To be sure, college was never what it was imagined to be sixty to a hundred years ago. In that era, those who attended turned out to do rather well because the were drawn (surprise!) from the families of those who had already done rather well and thus embarked in life ten paces ahead of others. Historically, some schools have, nonetheless, managed to teach thinking and instill in their students a desire for a lifetime of learning. The careerist, professional student cares for none of that, until it is too late. The goal is the degree, mixed and stirred with lots of fun getting it. Who can really blamed them?

The end result is more than a problem, it is a disaster. All social and political institutions have a tendency toward corruption unless they face challenge and correction. Instead, our colleges are isolated, secretly and quietly rich and thumbing their noses at our national need for truly educated people who can lead toward a more moral, decent and fair society. It is being done in the name of keeping the process moving, paying good salaries with rich benefits, like sabbatical years, and not rocking the boat. The students and the parents are being ripped off and the nation is being cheated.

Doug Terry
http://terryreport.com


Nowhere Man
Nowhere, CA

This is only one aspect of what is now a systemic failure.

The "self-esteem" foundation of K-12 education ensures we produce 18-year-old humans who know little, have no discipline and are spoiled brats.
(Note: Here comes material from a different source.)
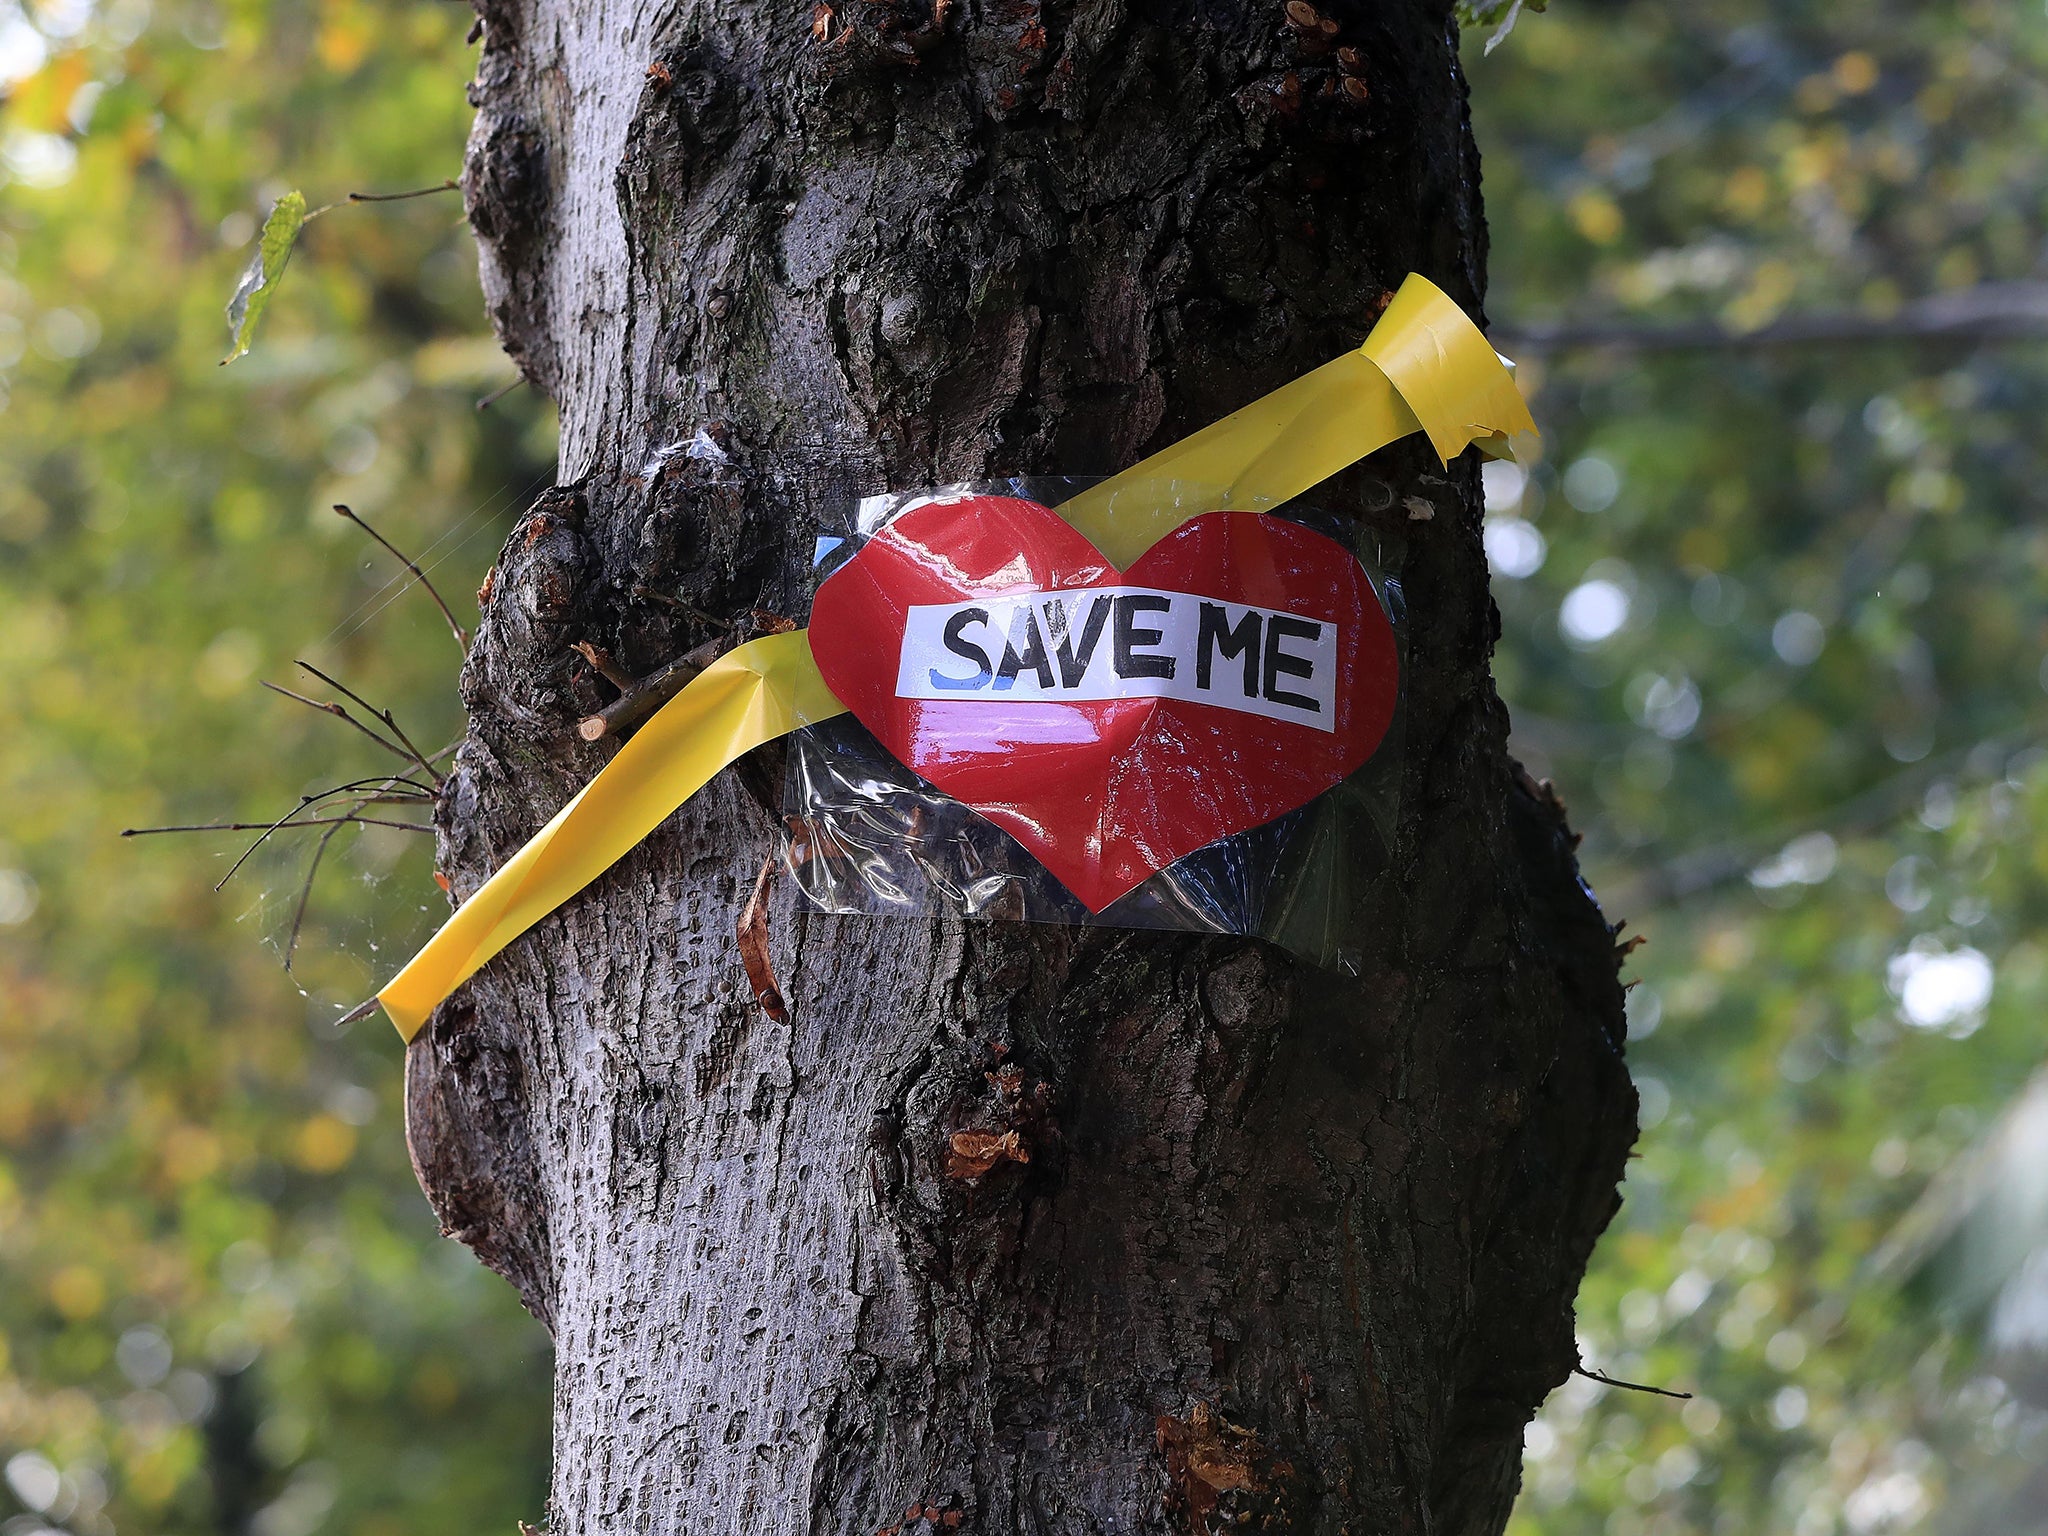 Council &apos;reliant on police&apos; to protect workers carrying out controversial tree felling programme, report says

Johnny didn't do well enough to pass to fourth grade? Well, we'll have to promote him anyway -- we can't have him feel bad about himself.
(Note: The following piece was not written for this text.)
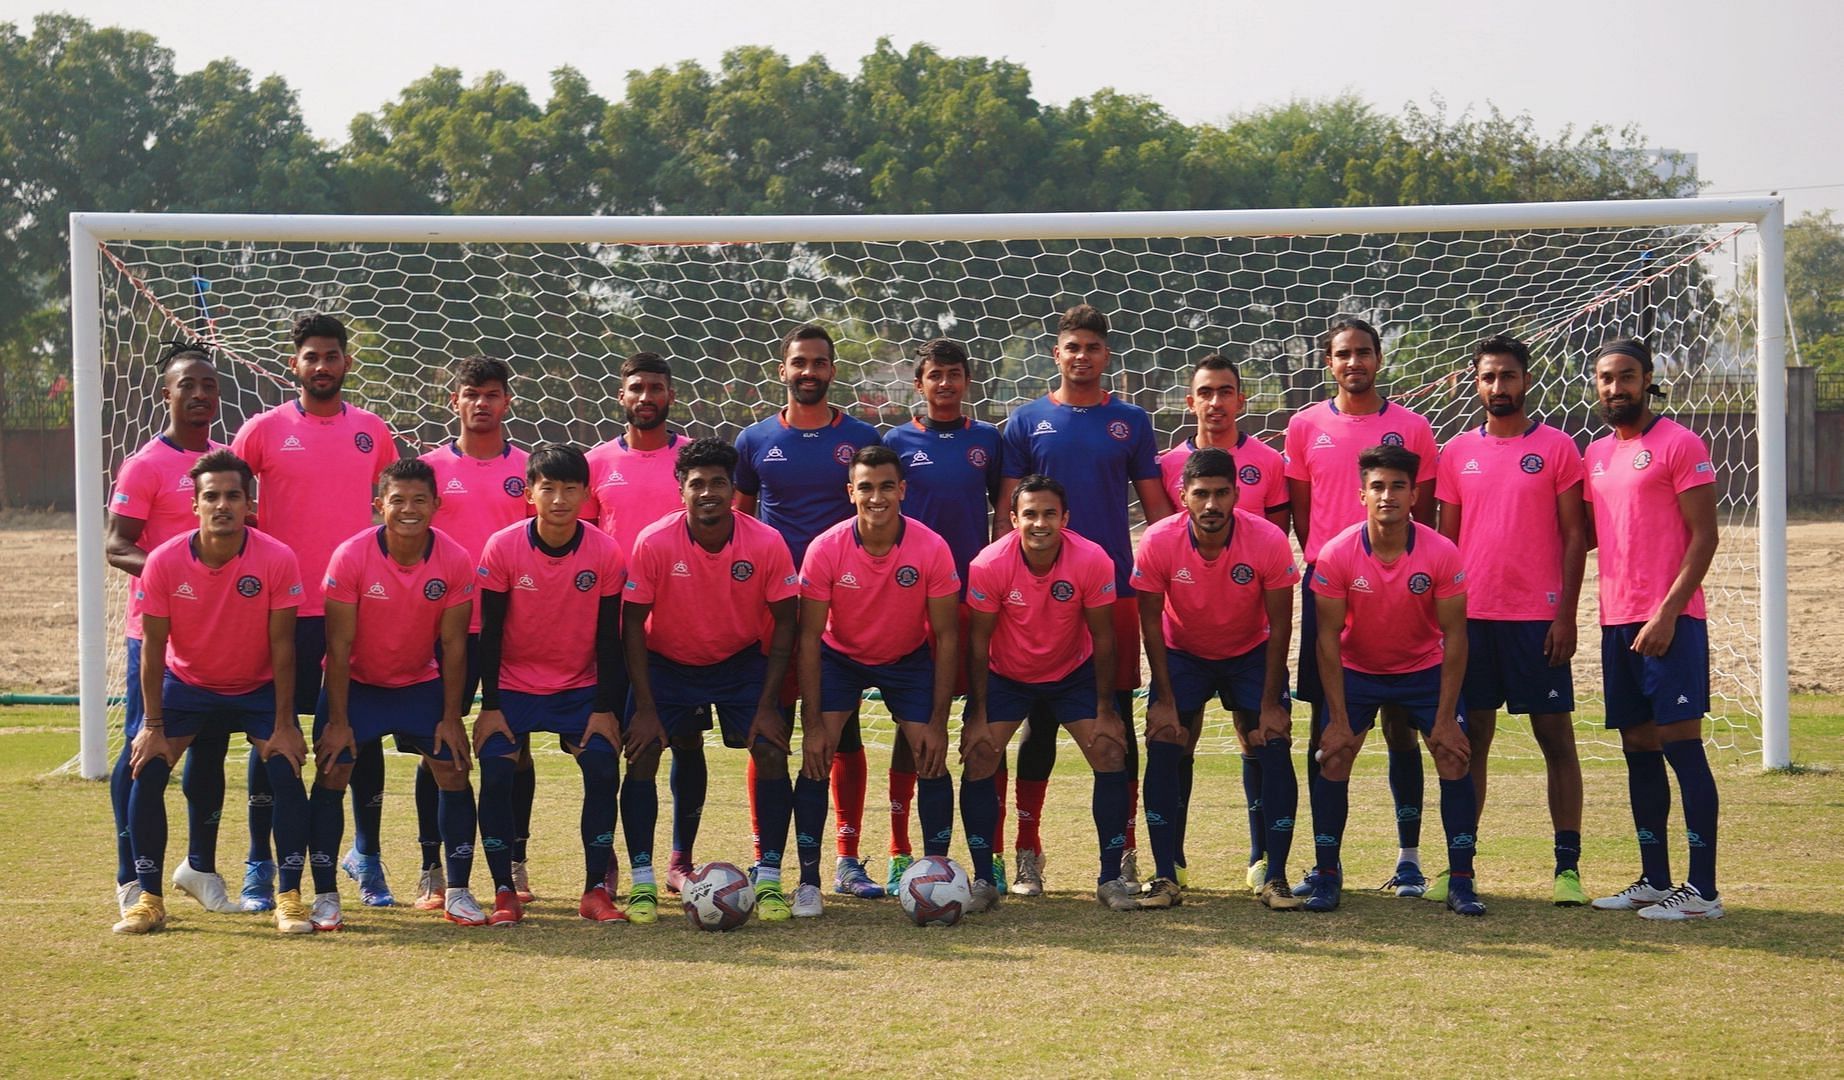 Rajasthan United FC players posing for a picture (PC: Twitter/ILeagueOfficial)

The colleges and universities are interested mainly in the money. They will enroll anyone who can get a student loan to pay the too-high tuition fees, book costs, etc. Anything to keep those administrators making their $400K annual salaries. The primary goal for students is to have fun -- and to keep renewing the student loans to keep the money flowing. I suspect many of the students know they won't get jobs that will enable them to repay the student loans that will haunt them the entire lives. Why not party while you can!

The day after graduation reality sets in. After a couple of years working at a big box store or as a clerical temp, they realize their lives are untenable. They can't make enough to pay for food, housing, health care, transportation, student loans, etc., and it looks like a treadmill they can't get off. What then?

I've seen some go to blue collar jobs that pay decently. They become auto technicians or electricians or plumbers, reasoning those jobs are not being exported to Pakistan any time soon. Maybe they get a job driving trucks and being away from their families for weeks on end. Even if they can make what used to be "middle-class" wages, they still have to contend with those student loans and the never-ending interest charges that pile on like bad luck in a crooked gambling casino.

Andrew Hacker and Claudia Dreifus published the book "Higher Education?" last year about this whole corrupt system (his description), and I wrote about that at:

http://deadreckoning1.wordpress.com...

Like so much gone wrong in this country, greed seems to be a root cause. The future looks grim for anyone who can't find some way to get rich quick.